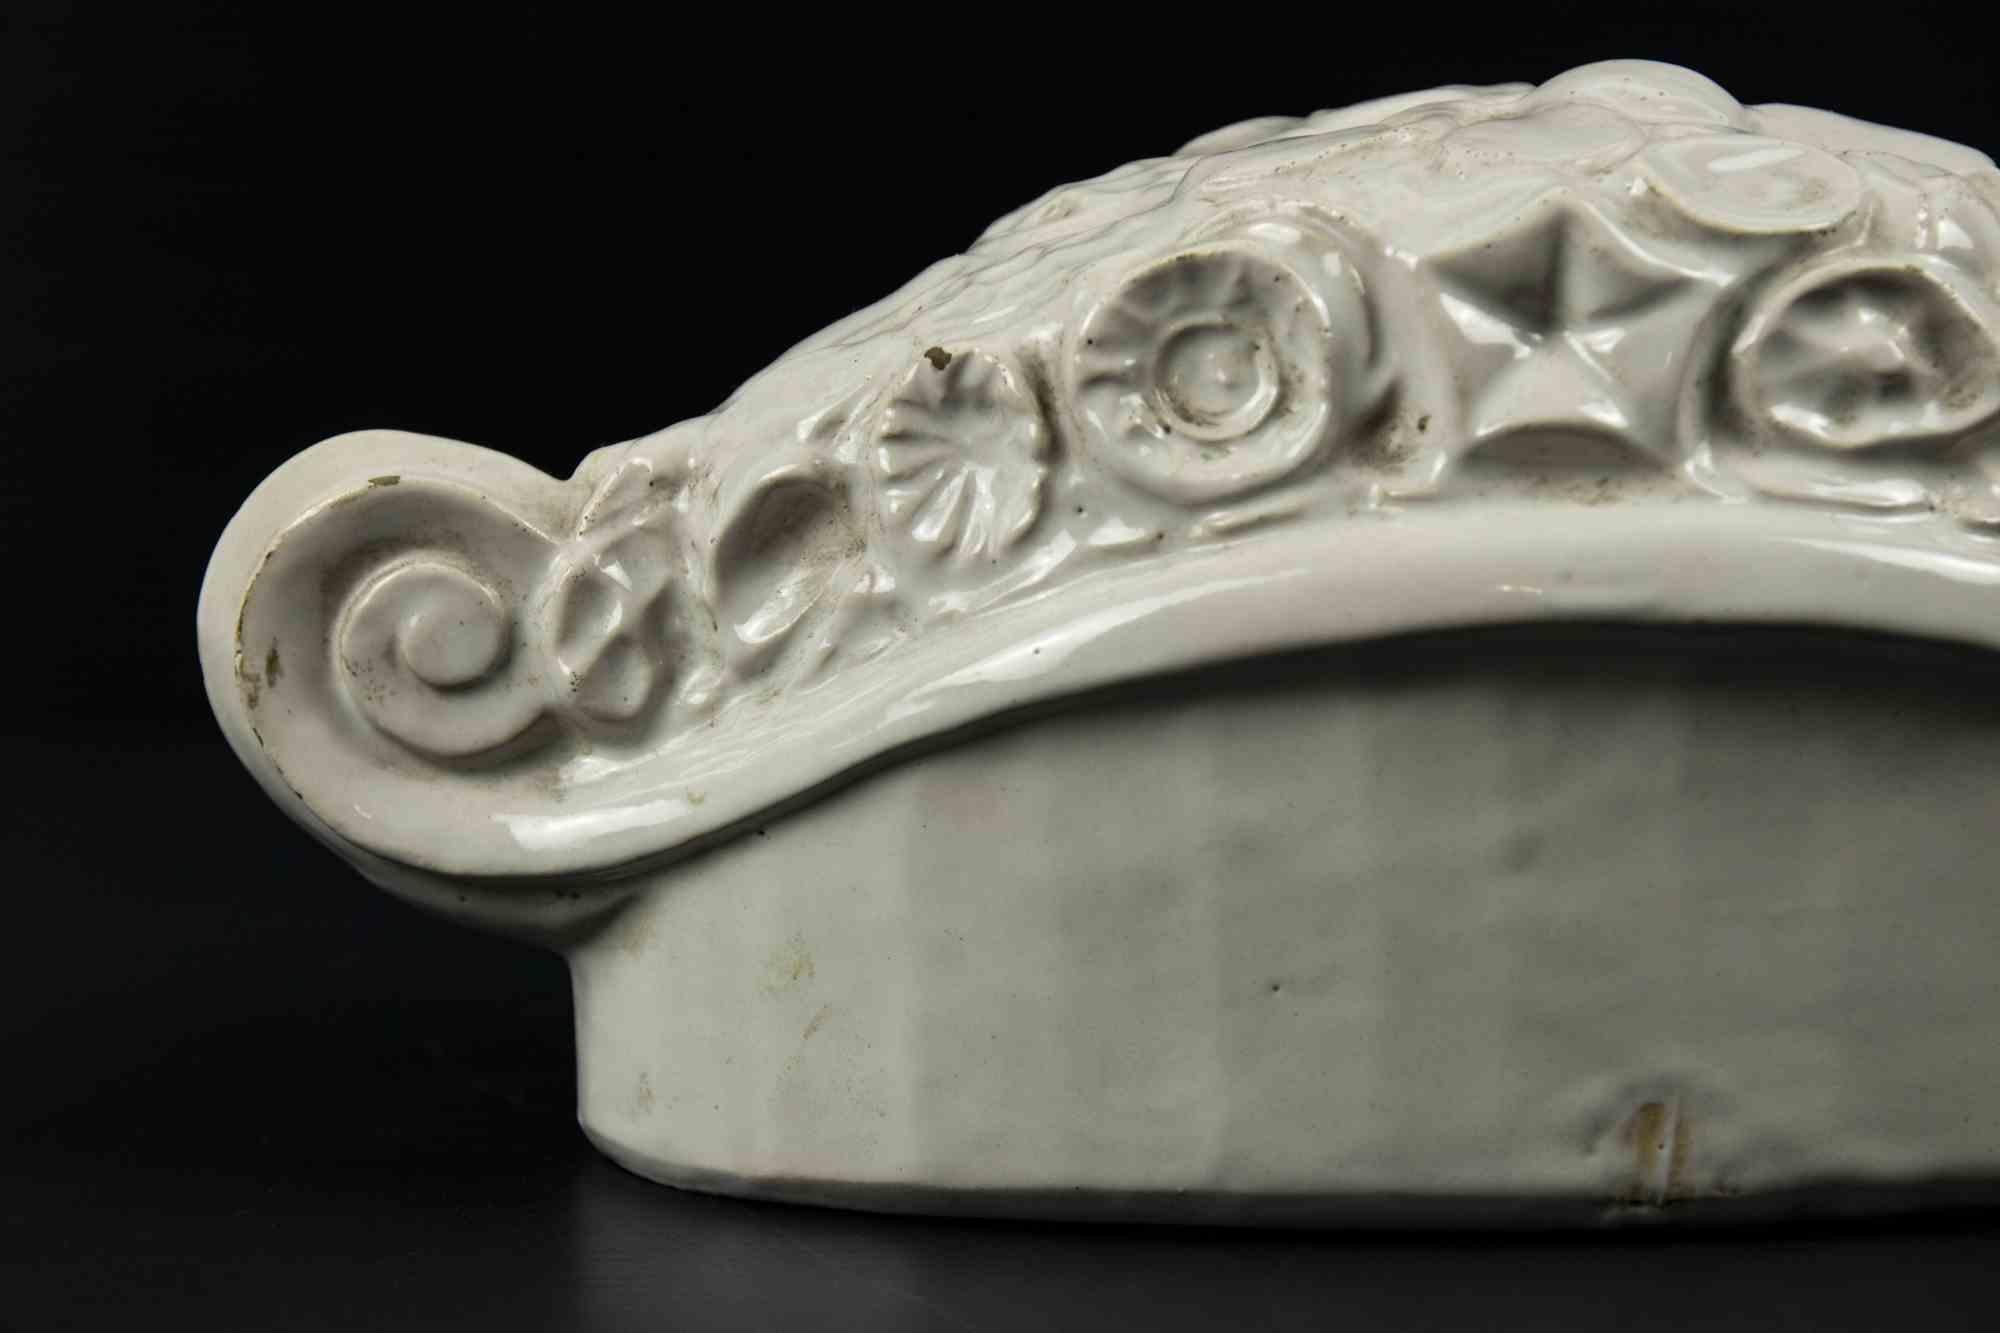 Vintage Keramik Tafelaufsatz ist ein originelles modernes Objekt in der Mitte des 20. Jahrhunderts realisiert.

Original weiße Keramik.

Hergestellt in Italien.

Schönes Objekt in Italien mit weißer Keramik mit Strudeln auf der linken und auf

++++++++++

The problem: Return the material word for word, images omitted.

Response to this exercise:
 Vintage Keramik Tafelaufsatz ist ein originelles modernes Objekt in der Mitte des 20. Jahrhunderts realisiert.

Original weiße Keramik.

Hergestellt in Italien.

Schönes Objekt in Italien mit weißer Keramik mit Strudeln auf der linken und auf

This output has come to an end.